Hi Melissa – If I had access to raw cream, I’d just want to drink it! 🙂 You can close the banner by clicking the “X” in the upper right hand corner. Have a great day!
It is expensive to make but, I buy 3 gallons of whole milk from Alday’s jersey girls in SW Fl. Theirs raw milk is truly pure grass feed. I pay $21. I put it in a suntea jar, empty the milk from the bottom and have low fat to make yogurt. 2-32oz Stoneyfield yogurt are $7. One gallon makes 2 yogurts, plus I have the cream. One gallon I drink, less the cream for butter. And I make mozzarella without the cream and I have more cream for butter. I also make my own ice cream. So if I do the labor of making these items vs buying I save money while paying $7 a gallon for the best milk I’ve ever had. I have never had cultured butter, I will try it this week. Thanks.
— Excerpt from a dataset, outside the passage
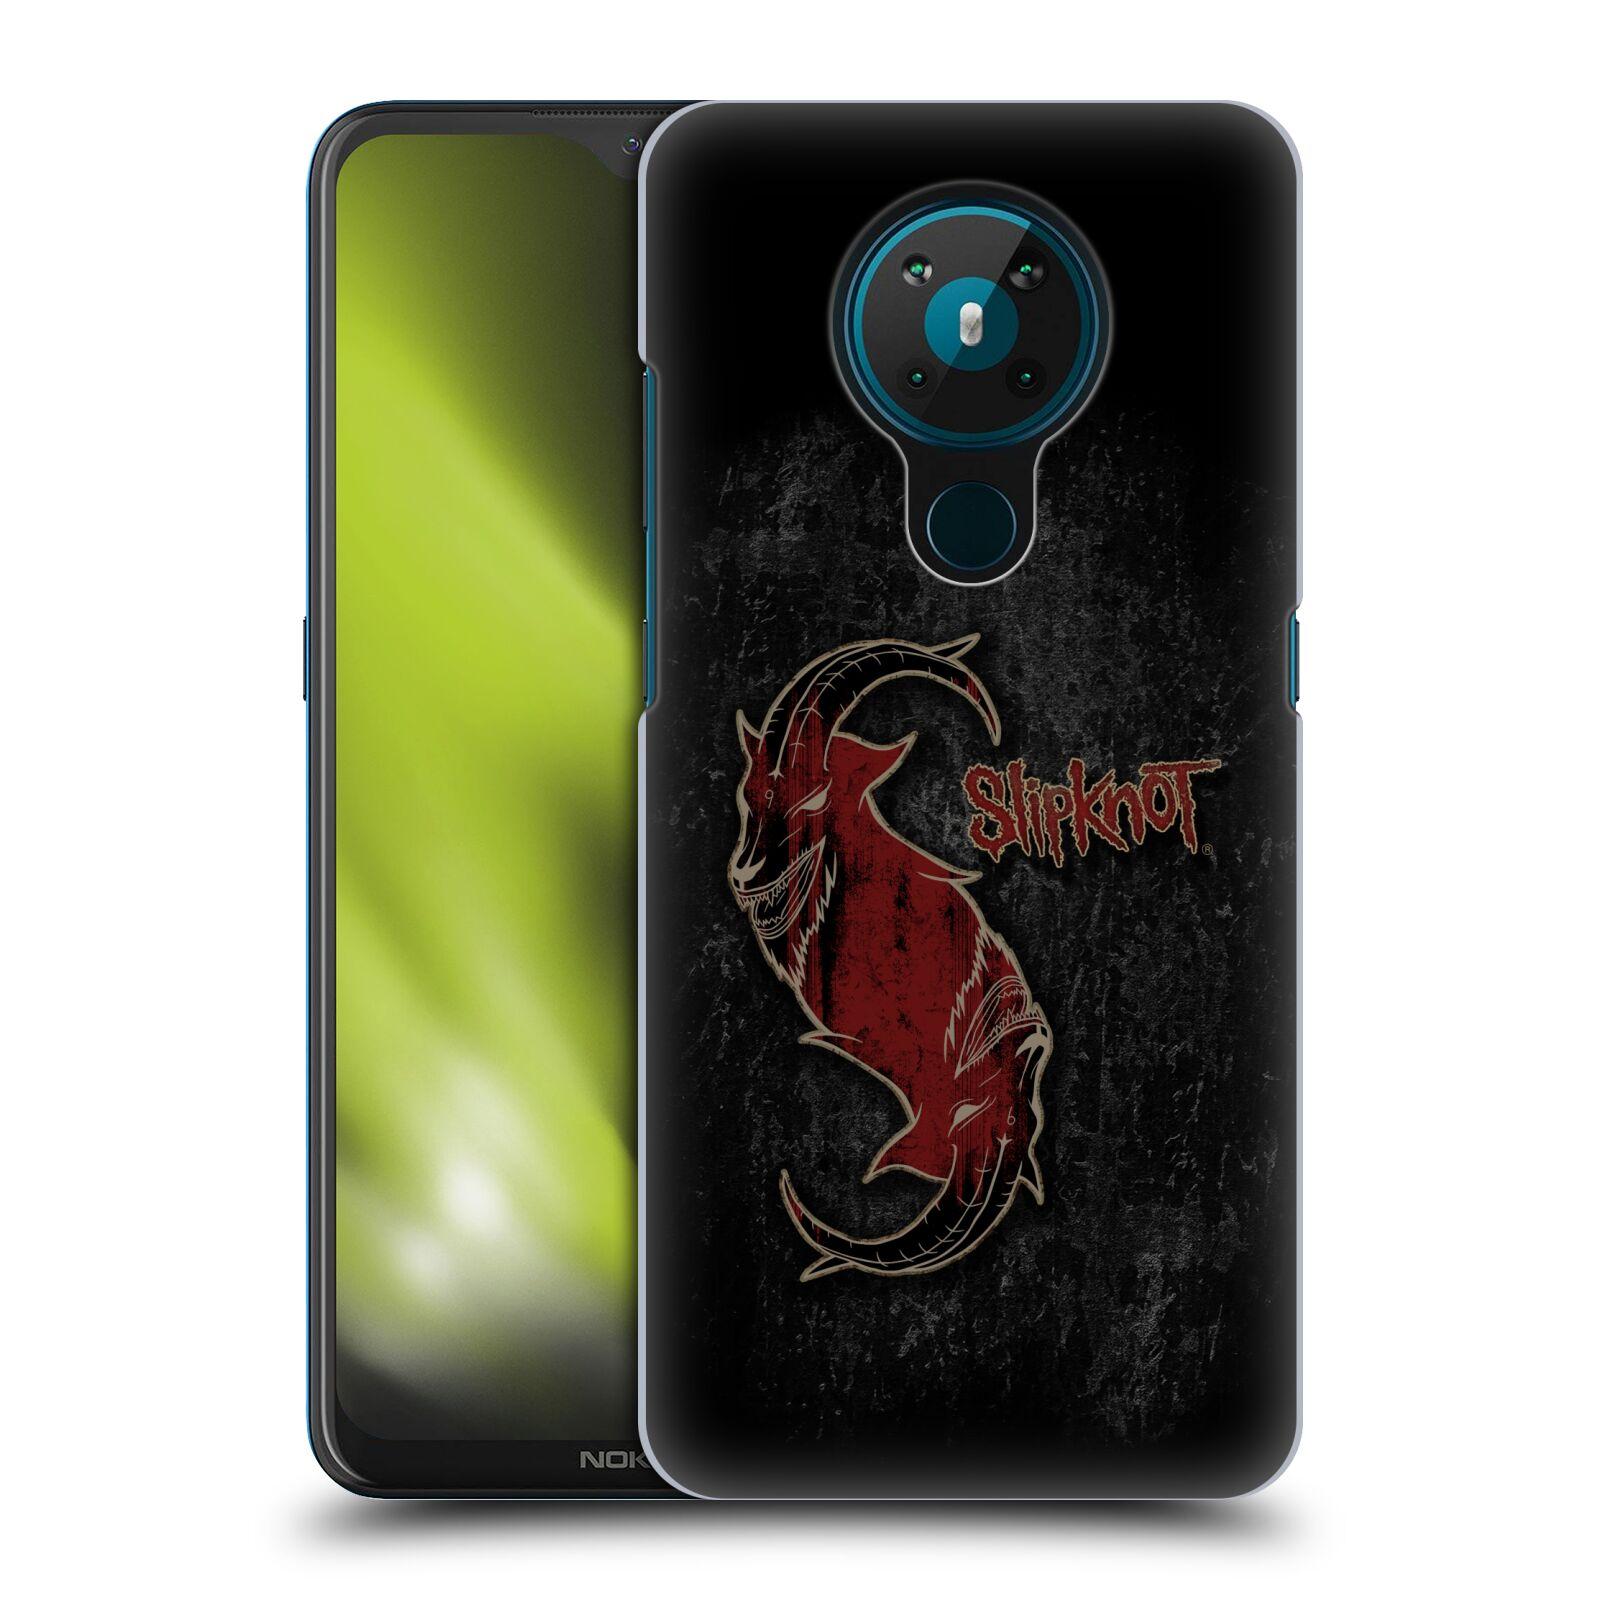 Plastové pouzdro na mobil Nokia 5.3 - Head Case - Slipknot - Rudý kozel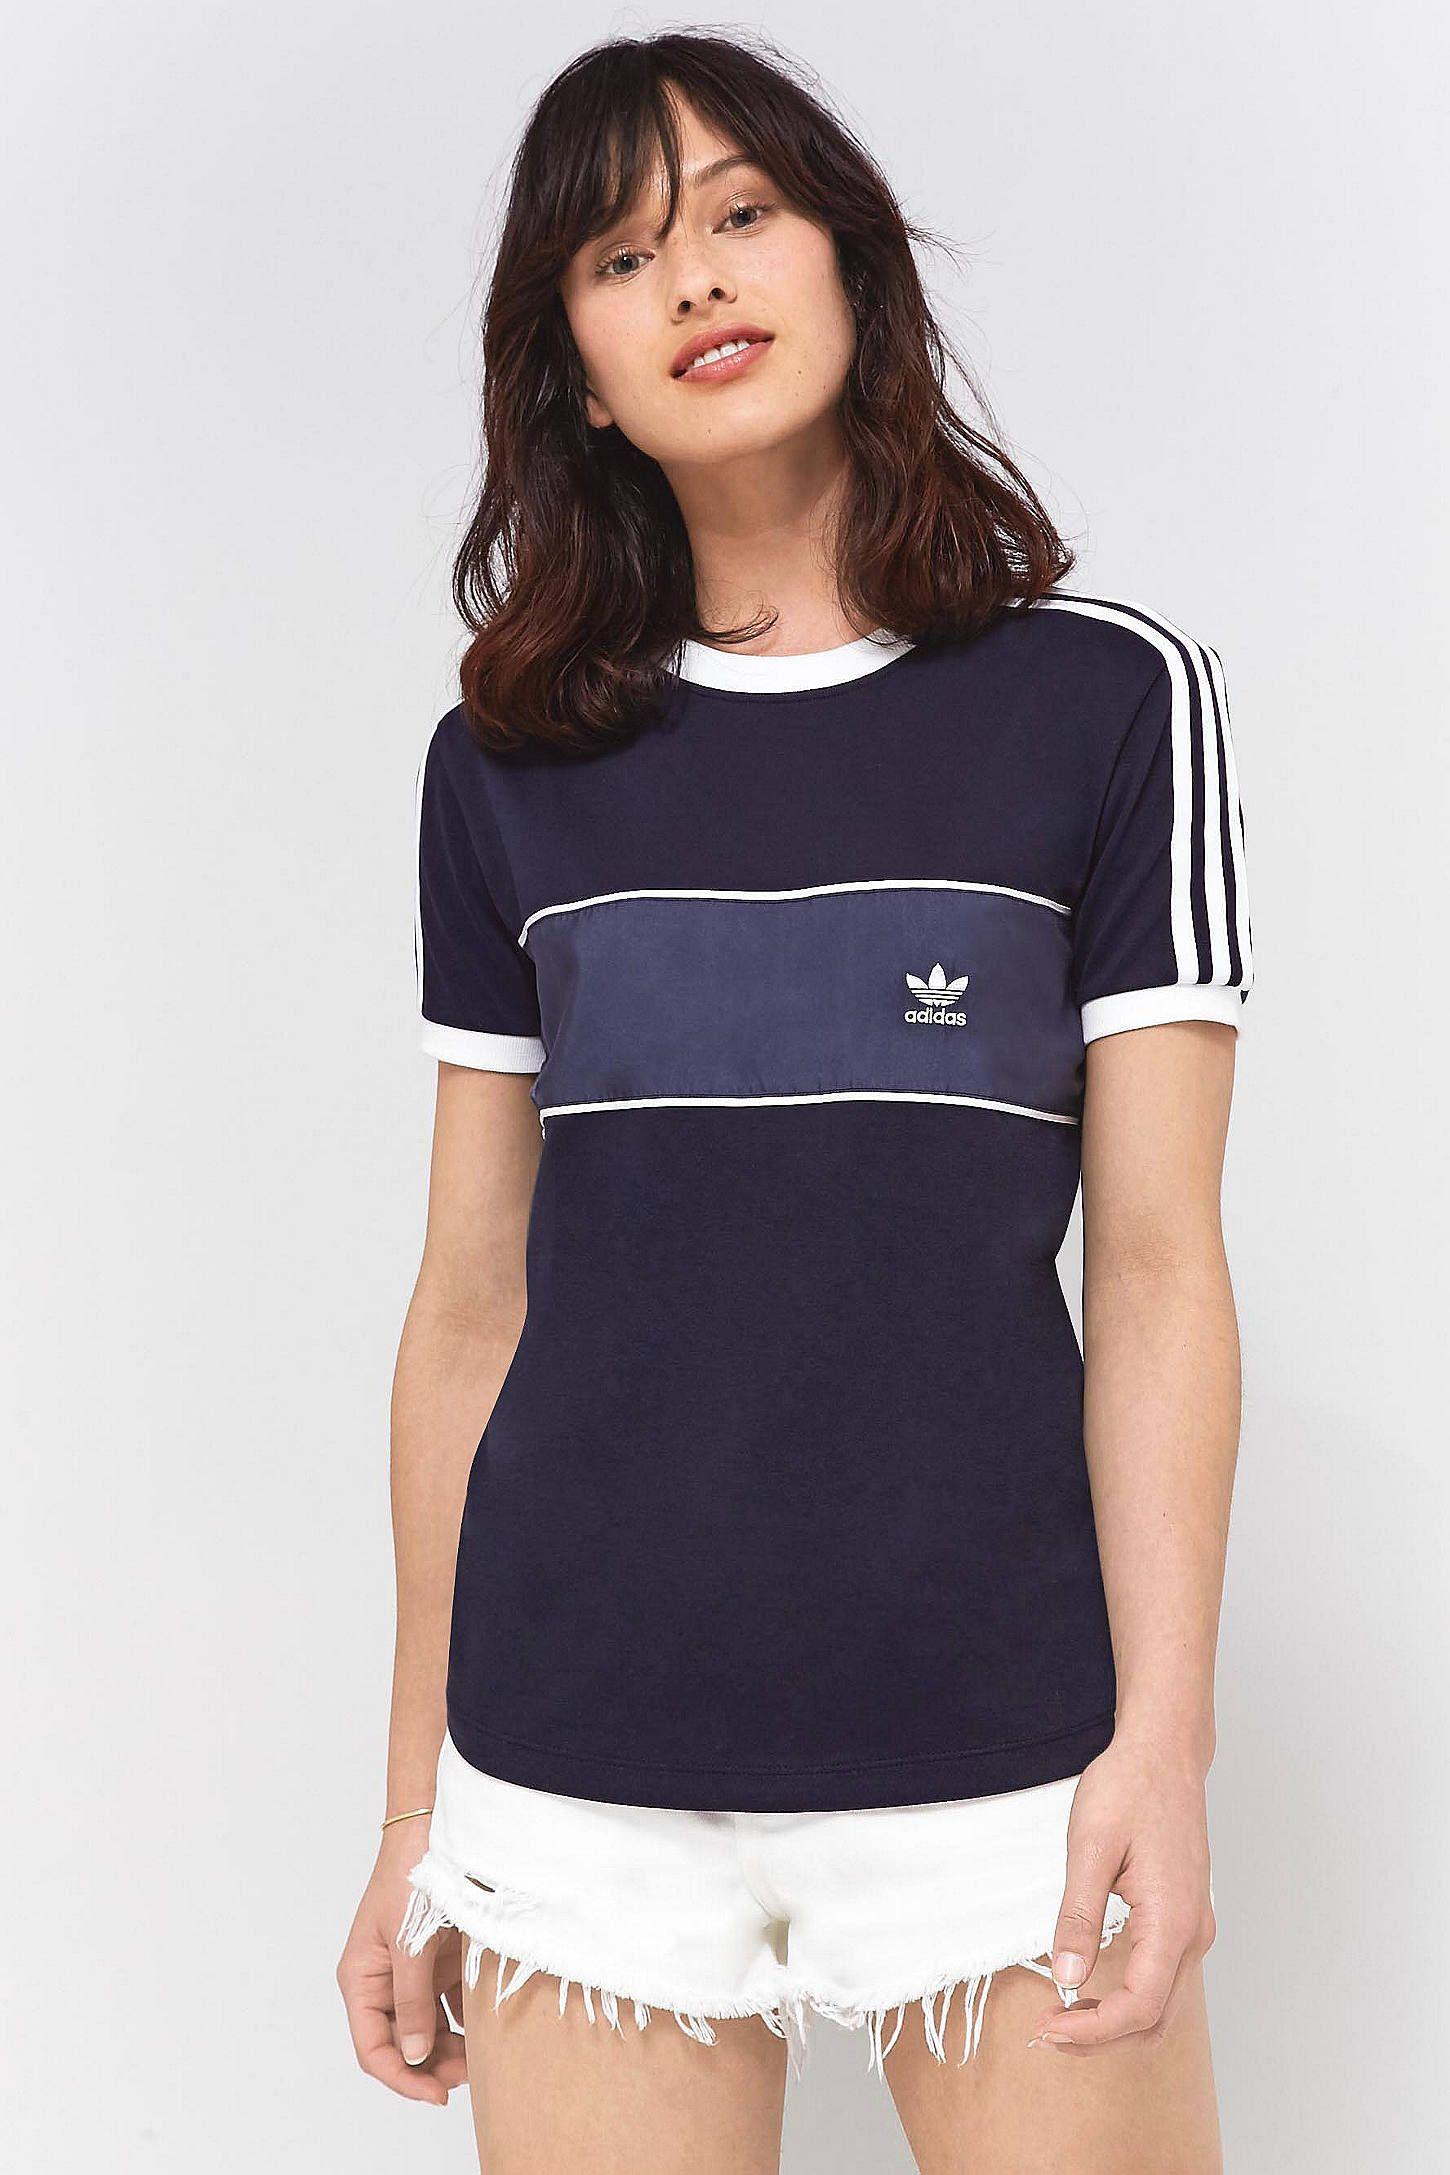 adidas Originals 3 Stripe Paneled Navy T Shirt | Adidas

Hi Bonnie – I bet their milk is amazing! Quality food does cost more, but it’s worth it. Enjoy! 🙂
Many years we would buy our milk from a farmer after the milk companies would pick up what they wanted. He left the cream on the milk. I would sceem off the cream and put it in the freezer until I had enough to churn. Then I would put it in my churn that got at a second hand store and lay some towels on the floor and watch TV while I churned my cream. After washing the butter and putting it a butter mold I was done. The best butter in the world is home churned Yum
Yummmmm! There is nothing better than fresh butter! 🙂
I have a question…
I bought organic cream and used nonfat yogurt. I cultured it for 24 hours. The xream was thick and didnt smell all that great. It smelled sour… like sour milk. I made the butter… turned out great but the taste and smell is off. Im just worried that my cream went bad… that or im just not used to cultured butter.
Can anyone help me out. Should I throw it out and try again?
Hi Tara – To me, what you are describing is normal. Cultured butter is going to have a more tangy / sour smell and taste than sweet cream butter, which is what most people are used to. I have always been told to go with my nose. If it smells rotten, then toss it. But, there is a difference between rotten milk and sour milk. Make sure you use a high-quality organic yogurt to culture and you want to find cream that has not been ultra pasteurized (UP). Pasteurized is fine, but UP is 100% dead and won’t yield a healthy product. Hope that helps. 🙂
Hey, thanks for triggering a memory! I had forgotten that my dad didn’t like fresh cream butter and he called it “creamery butter”. LOL. My parents always let the cream sour on the counter for a day before making the butter and it always soured better when a thunder storm was coming! They had an electric churn that they used with an extra large Tupperware canister with a hole cut in the top. It worked well. I remember my mom working the water out of the butter in a big wooden bowl with a large carved wooden spoon type thing. I think I’ll be trying it with my mixer! Could you use a small amount of kefir whey to culture, I wonder?
Hi Lori – Thanks for sharing! That is interesting about the thunder storm! 🙂 You most certainly could use some kefir or kefir whey. I’ve never done it that way, but I see no reason it wouldn’t work!
Great post. Wish I would have read this last week when I made butter from colostrum cream using the old shake-a-mason-jar technique!
Thanks Lynn! This is much easier! 🙂
I poured cream into a large jar and shook it up, it took an hour, but I made butter, it was a great feeling, but in future I will use a mixer. It was delicious.
Awesome! That is the way a lot of us learned when we were kids. It’s always a fun science experiment! 🙂
Thank You for this recipe and also the information from a commenter about souring the cream before making butter. I had “saur rahm butter” in Germany and I’ve been trying to find it ever since!